Харьков, наиболее значительный город Слободской Украины, во второй половине XVIII столетия также демонстрировал приверженность живописной манере и прозападной иконографии. При этом иногда уровень качества не играл здесь значительной роли. Тем не менее, местных мастеров приглашали работать в Россию, в те центры, где была потребность в создании живописных икон34.
34 Известно, что при архиерейском доме в Ростове в 1780 году работал харьковский живописец Венедикт Бендерский. Именно так приведена его фамилия в публикациях XIX века (Описание Ростовского Ставропигиального первоклассного Спасо-Яковлевского-Димитриева монастыря и приписанного к нему Спасского, что на Песках. СПб., 1849. С. 19), и правильность ее воспроизведения проверить невозможно. Но скорее всего, это родственник Ивана Кендерского, чьи подписные работы того же времени сохранились и который дает яркий пример живописного примитива в южнорусском духе.
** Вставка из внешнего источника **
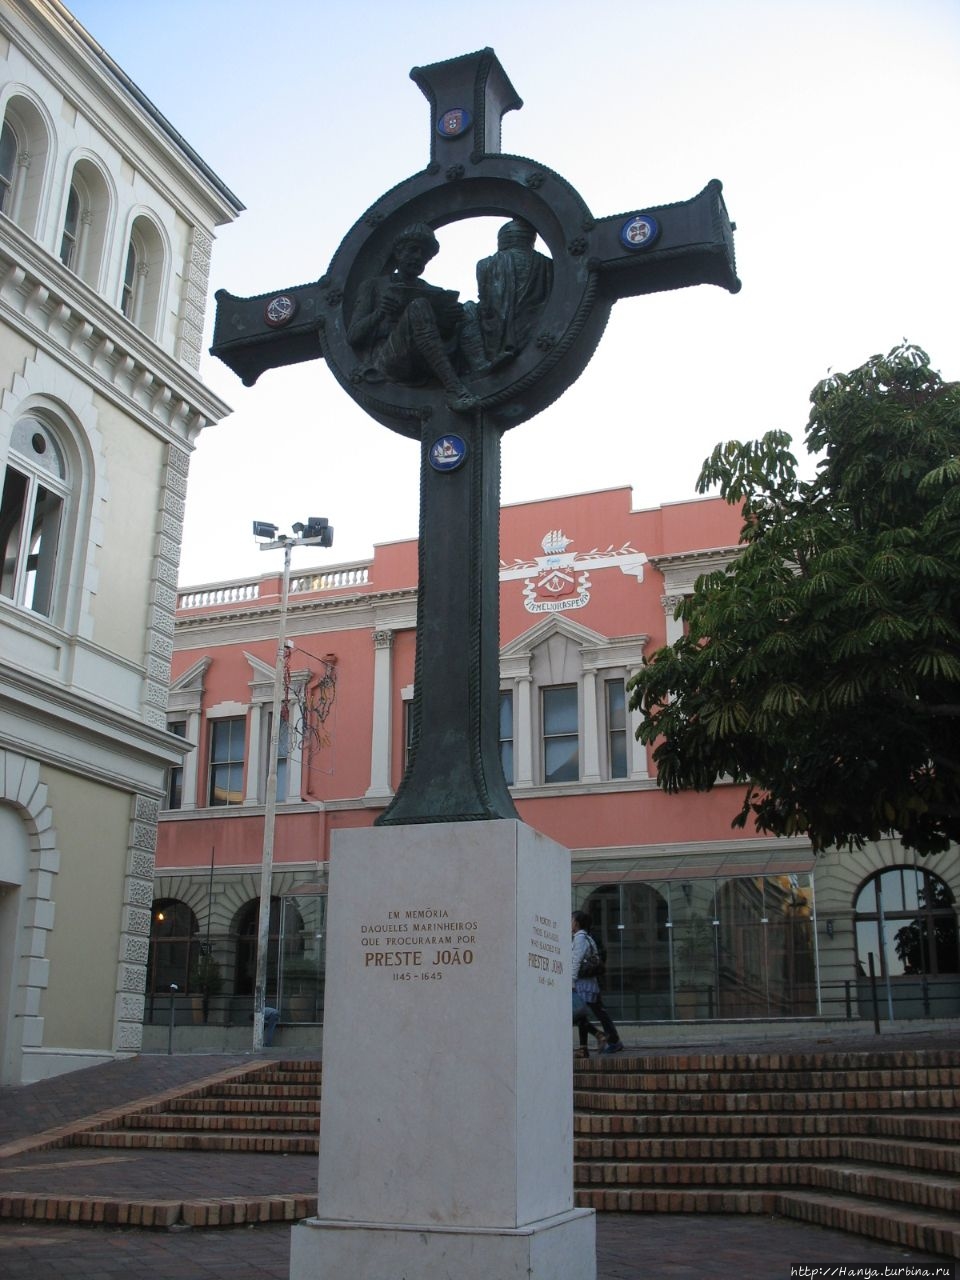 Здание Старой почты и крест Престера Джона Порт-Элизабет, ЮАР

Судя по их происхождению, этот мастер также работал в России.
Специфическое явление низовой художественной культуры, встречающееся в южных, собственно российских губерниях, представлявших собой контактную зону между Велико- и Малороссией, — народные иконы, выполненные на холсте в масляной технике и примитивной живописной манере. Оно появляется ближе к концу столетия и уходит далее в XIX век.
В иконописи традиционных художественных центров северо-запада России XVIII века можно проследить все главные стилистические тенденции. Имеющий богатейшую историю собственного иконописания Новгород, который сохранял свое значение почти до конца XVI столетия, в XVII веке, несмотря на обилие мастеров, пережил заметный упадок изобразительной традиции, которая приобрела черты провинциализма. В начале XVIII века качественный уровень местного иконописания постепенно возрастает, а стиль следует художественным принципам московской Оружейной палаты. Ведущим новгородским мастером в это время становится священник Георгий Алексеев († после 1728), представитель иконописной династии, происходивший из Тихвина35. В его творчестве явно прослеживается интерес к местным новгородским святыням — он писал мерные списки с чудотворной иконы Богоматери Знамения, а также любил изображать собор новгородских святых в собственной оригинальной иконографии. Его сын, Никифор Георгиев — дьякон, затем священник новгородского Софийского собора36, работавший во второй четверти столетия, — гораздо изощреннее в своей манере письма. Рядом с его произведениями работы отца выглядят простовато. Творчество Никифора Георгиева также развивалось в русле общих стилистических тенденций традиции Оружейной палаты. Ее влияние прослеживается в Новгороде практически на протяжении всего XVIII века. Живописное направление было занесено сюда извне, ближе к середине столетия. В нем здесь работал Дамиан Галик, украинец, происходивший из киевской иконописной династии. Его произведения, выполненные в масляной технике, несут все стилистические признаки барокко в южнорусском духе, сохраняя некую долю условности в золотых разделках одежд и сияниях нимбов.
35 Словарь русских иконописцев XI–XVII веков. С. 37–38.
36 Там же. С. 140.
В первой половине XVII века с ориентацией на Оружейную палату работали также художники Пскова, но позднее иконописание в нем замирает и более не дает ярких решений.
Весьма разнообразная и интересная картина сложилась в XVIII веке в иконописи тверских земель. Здесь существовало несколько достаточно сильных художественных центров помимо Твери — Осташков, Торопец, Торжок. Особенность географического положения Твери — на пути между двумя столицами — заметно способствовала большой включенности местной художественной жизни в процессы, протекавшие в Москве и Санкт-Петербурге и быстрой реакции на них. Из тверских земель, главным образом, Осташкова, где сложилась самостоятельная художественная традиция37, вышли многие мастера, работавшие в Петербурге. Среди них — «вольные живописцы» братья Колокольниковы [см. Мина и Федот — прим. ред. сайта] и Михаил Уткин, представитель третьего поколения семьи монастырских иконописцев, получивший образование в Академии художеств38. В столице все они работали как в светских жанрах, так и в иконе39.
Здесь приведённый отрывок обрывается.